Anti-racism crusade blamed in teen's death: Michael Murphy
Anti-racism crusade blamed in teen's death

LONDON — 'Please, brother, I can't breathe.' Those were the last words Henry Nowak, an 18-year-old student at the University of Southampton, uttered before he died. Nowak was returning from a night out when he encountered Vickrum Digwa, a 23-year-old Sikh man, who murdered him with a 21-centimeter-long ceremonial dagger in December 2025. Digwa stabbed Nowak five times as he attempted to flee, including a fatal blow to the chest, which punctured a lung and an artery. This violence appears to have been Digwa's response to Nowak 'cheekily,' as the judge put it, asking him if he was 'a bad man.'

False Claims of Racism

Digwa falsely claimed, as has now been established in court, that Nowak had racially abused him. He clearly felt that alleging racism, the holiest of incantations that mobilizes the British state like nothing else, would help him get away with murder. Events would show that Digwa understood Britain's institutions all too well, and that he was almost correct.

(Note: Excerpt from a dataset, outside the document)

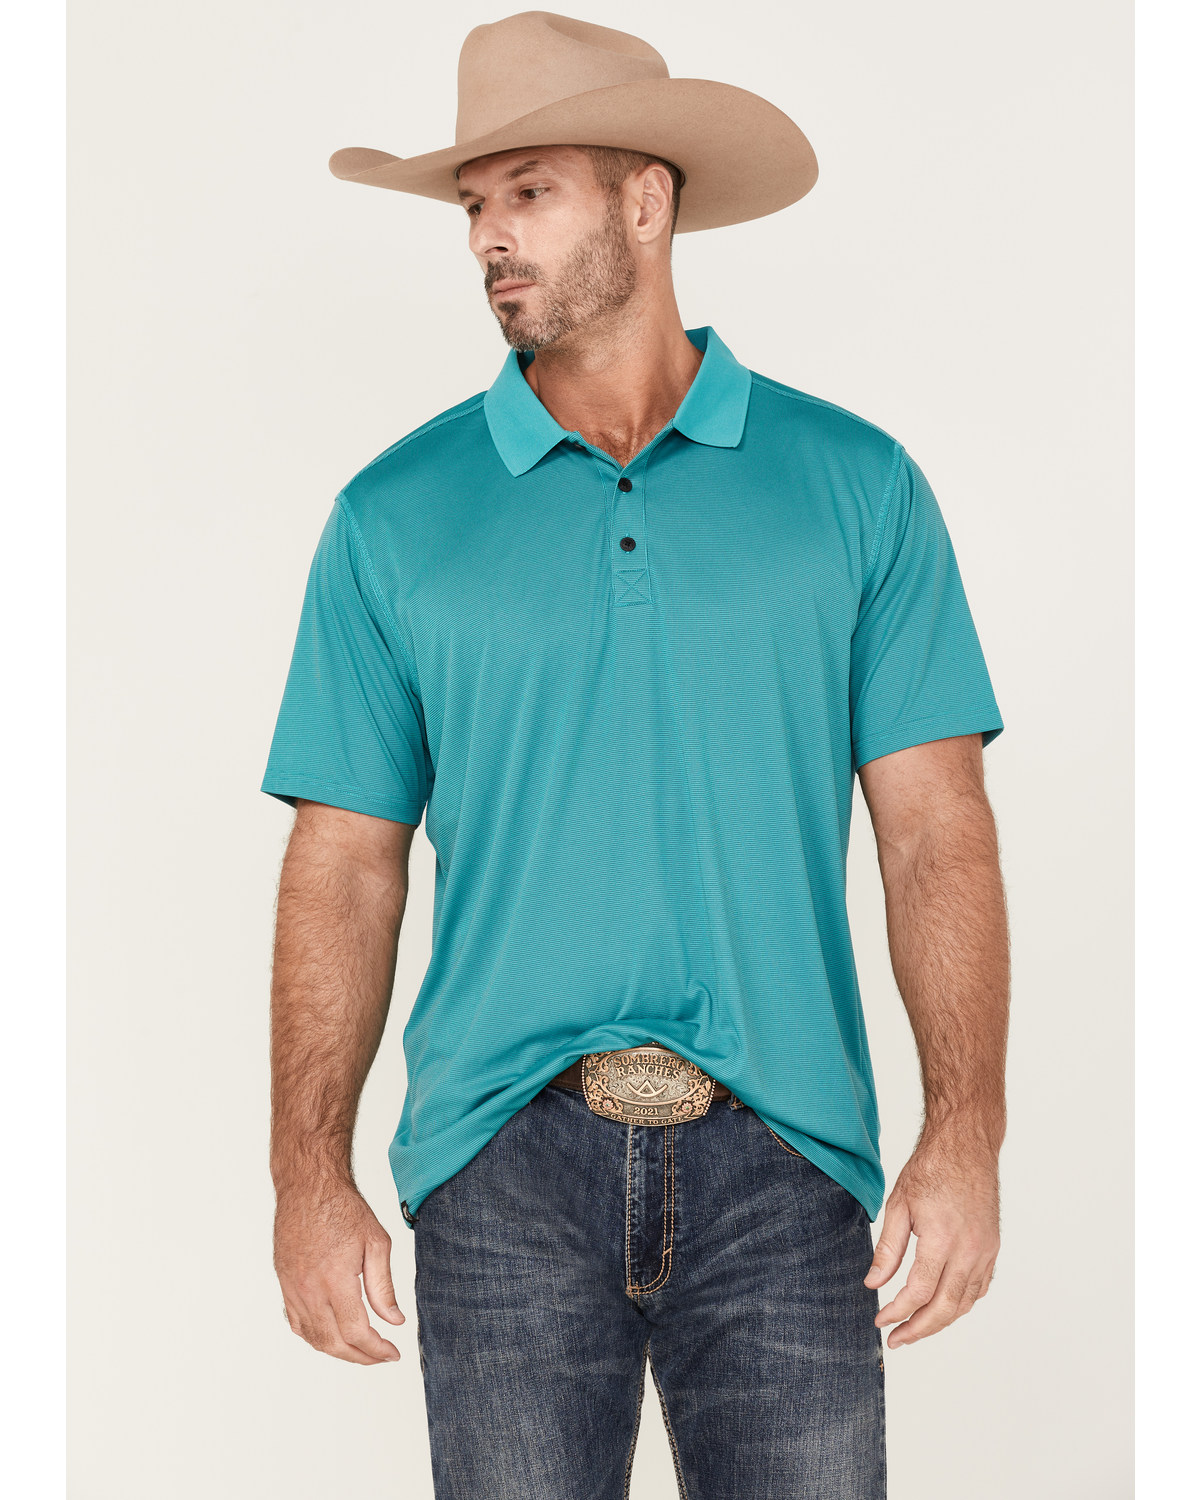 RANK 45® Men's Spinner Solid Short Sleeve Polo Shirt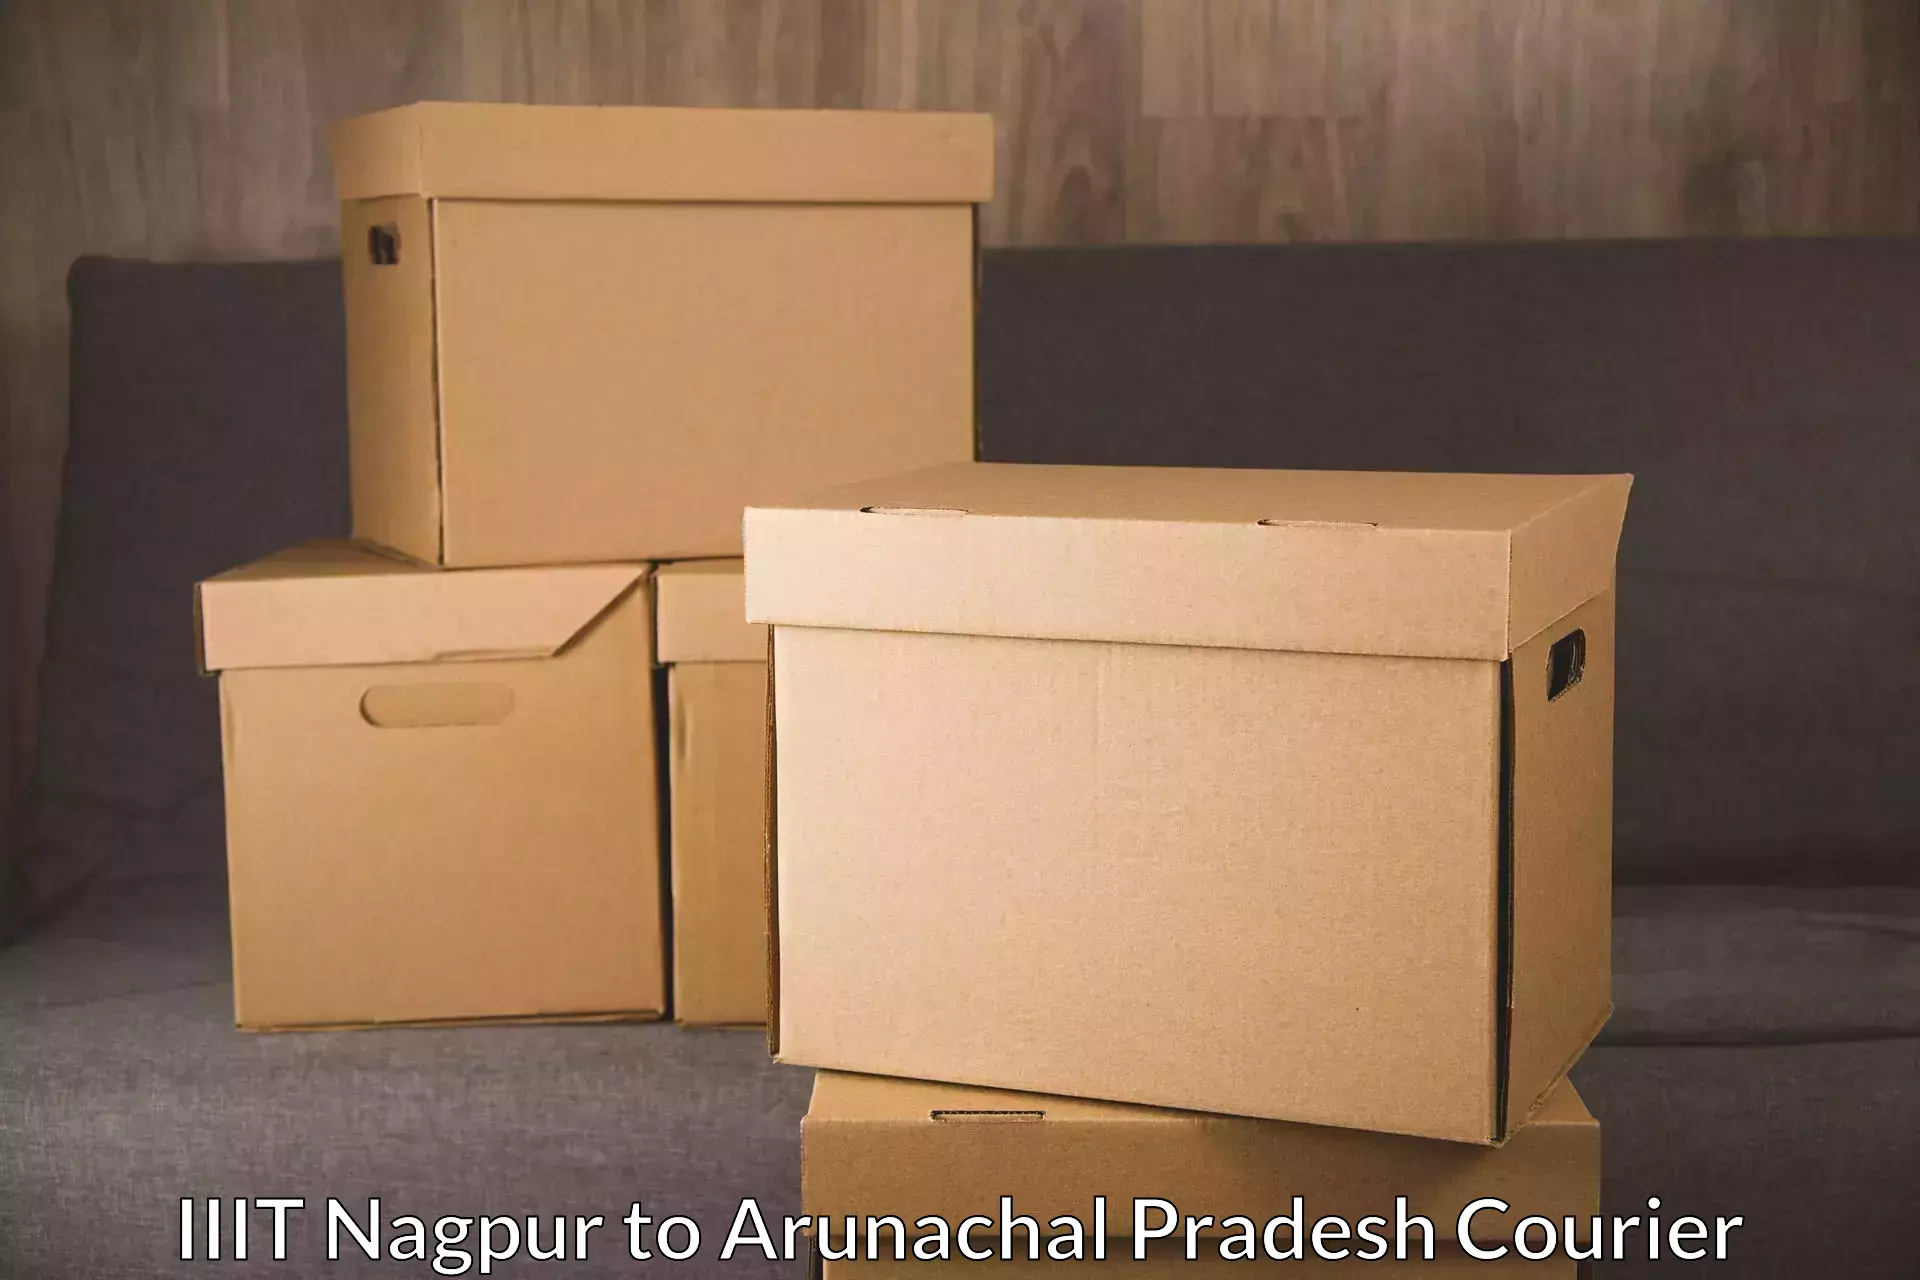 Express delivery capabilities in IIIT Nagpur to Rajiv Gandhi University Itanagar

Digwa's family arrived at the scene and, instead of calling an ambulance for the dying teenager, his brother, Gurpreet, called the police, alleging his brother had been racially attacked by 'some white person.' Meanwhile, Digwa's mother, Kiran Kaur, took the dagger from her son and hid it.

Police Response

When the police arrived, Digwa's father, Moga Singh, was propping Nowak up and told officers he had a 'mouthful of blood,' which Digwa put down to him having fallen from a fence he had attempted to jump over. Then Nowak slumped prostrate on the ground. He told the officers no fewer than nine times that he had been stabbed, to which one officer responded, 'I don't think you have, mate.' That officer took hold of Nowak and placed him in handcuffs. Nowak then began wheezing, choking on his own blood while still asking for help, as the Digwas continued to lie about him and the police read him his rights. Those were the last sounds Nowak heard before losing consciousness.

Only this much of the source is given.